● **Problem details**
Would you please copy all of the data exactly, skipping the images?

● **Supplied information**
^^^^
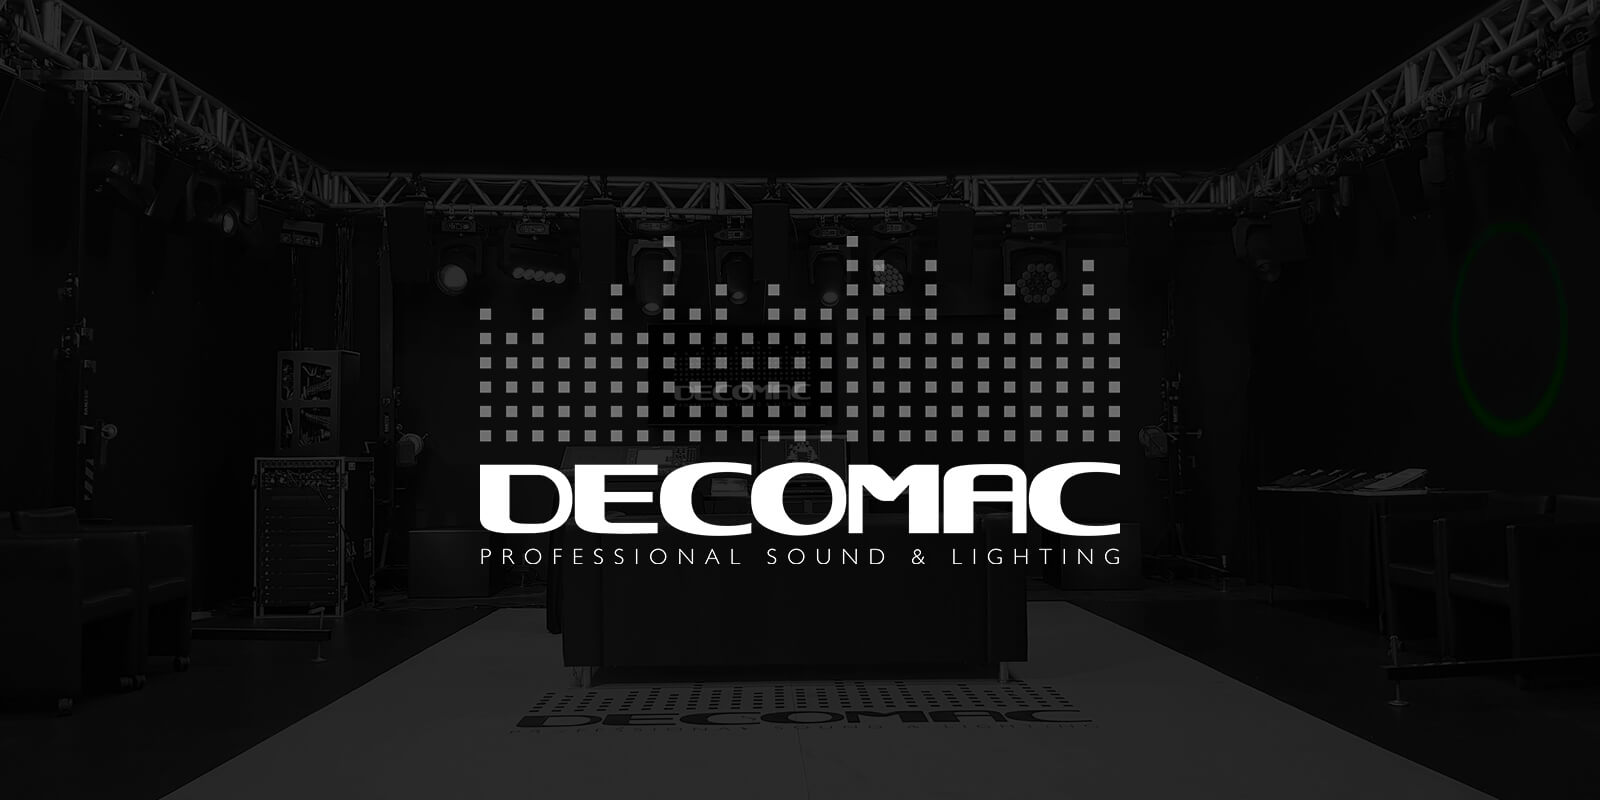 (c) Decomac.com.br
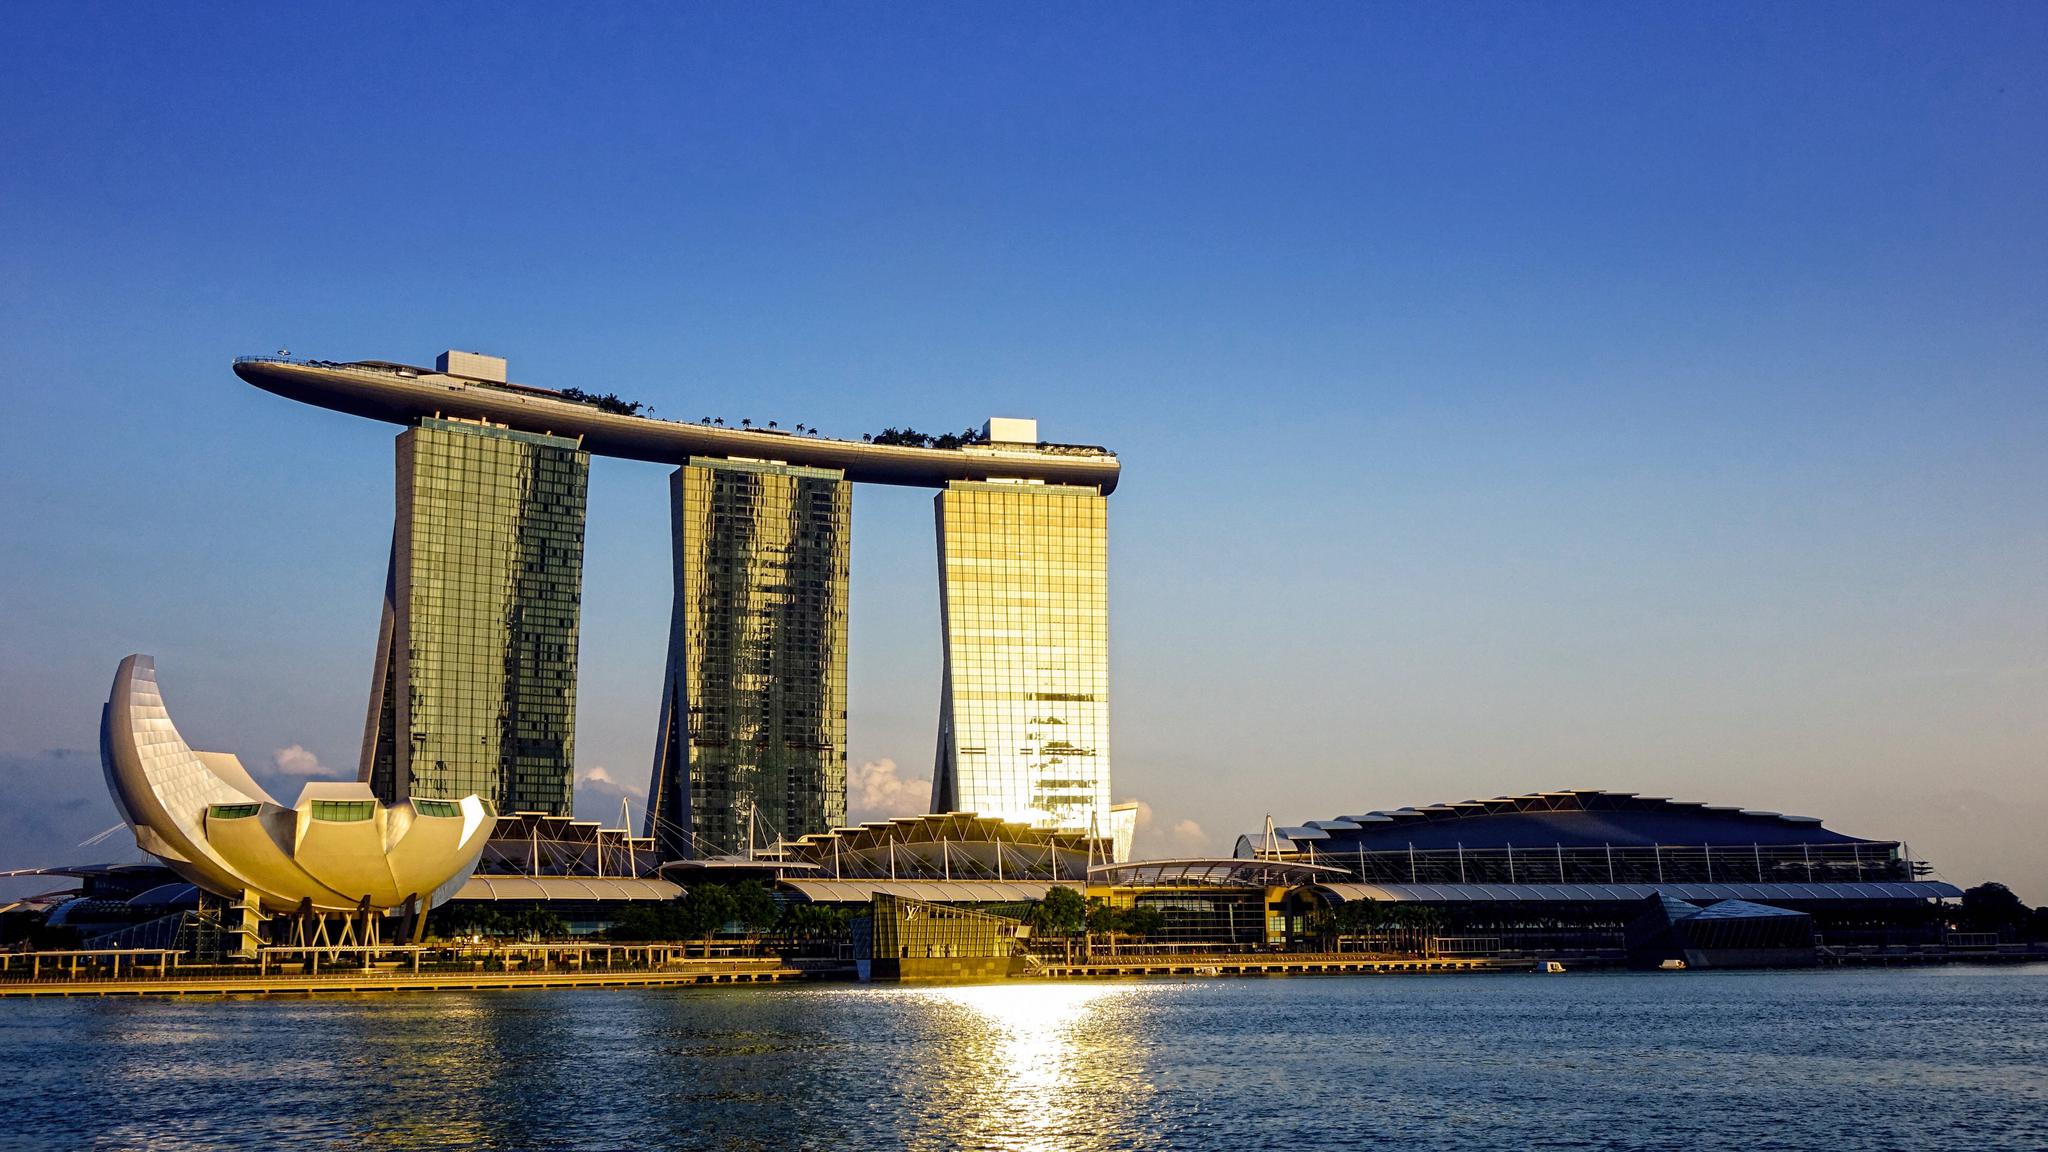 全球最美50大建筑揭晓,新加坡滨海湾金沙酒店荣获第二
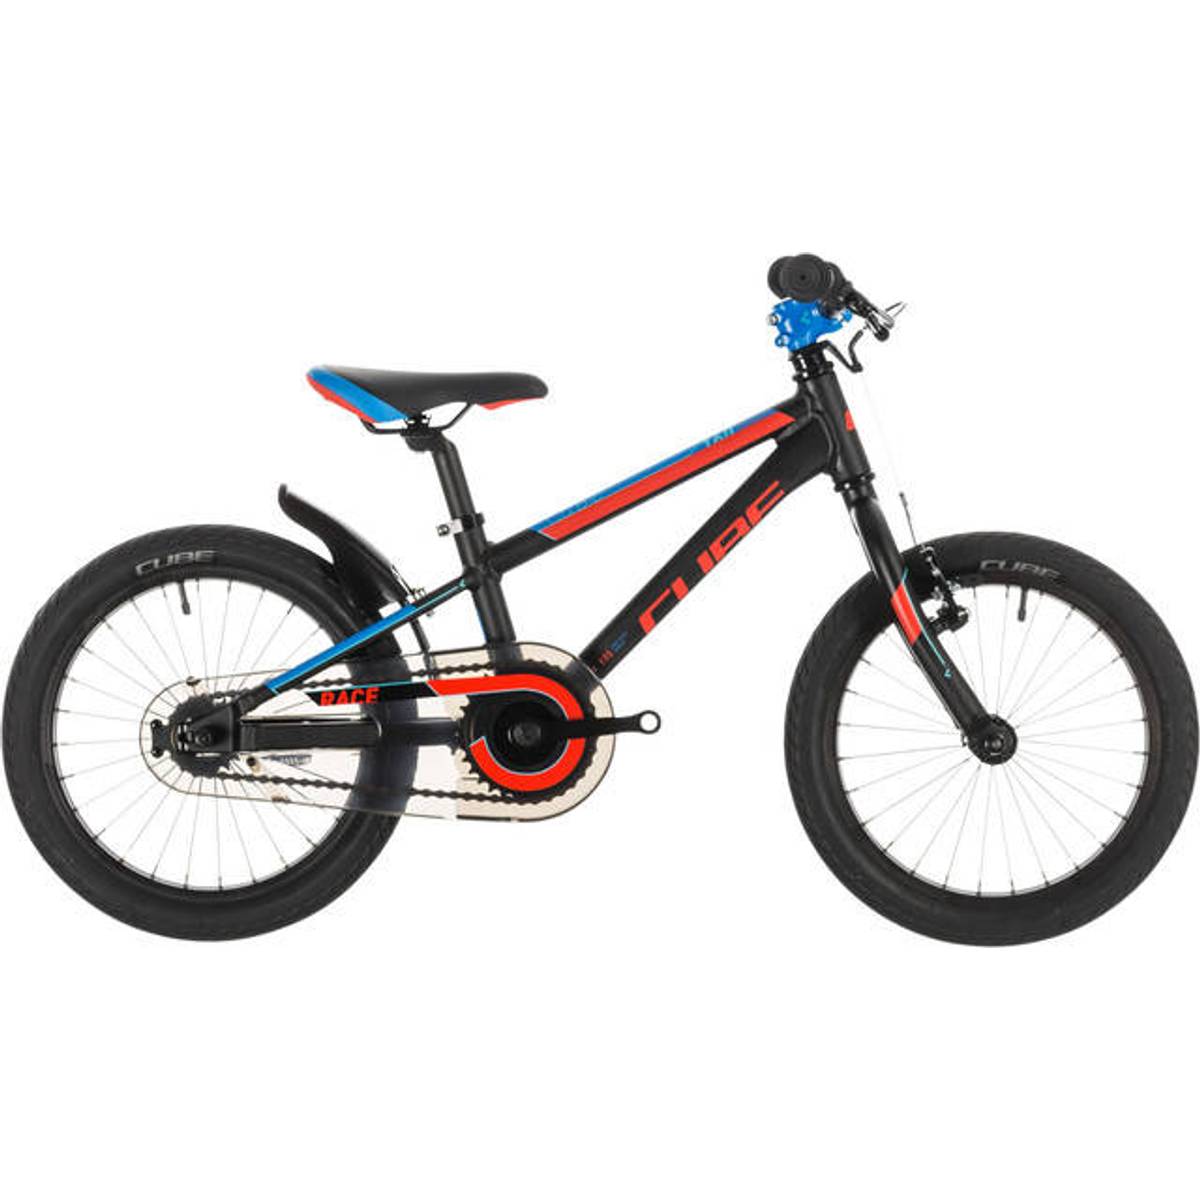 Cube cykler børn • Find den billigste pris hos PriceRunner nu »
^^^^
● **Solution to this exercise**
 (c) Decomac.com.br
 全球最美50大建筑揭晓,新加坡滨海湾金沙酒店荣获第二
 Cube cykler børn • Find den billigste pris hos PriceRunner nu »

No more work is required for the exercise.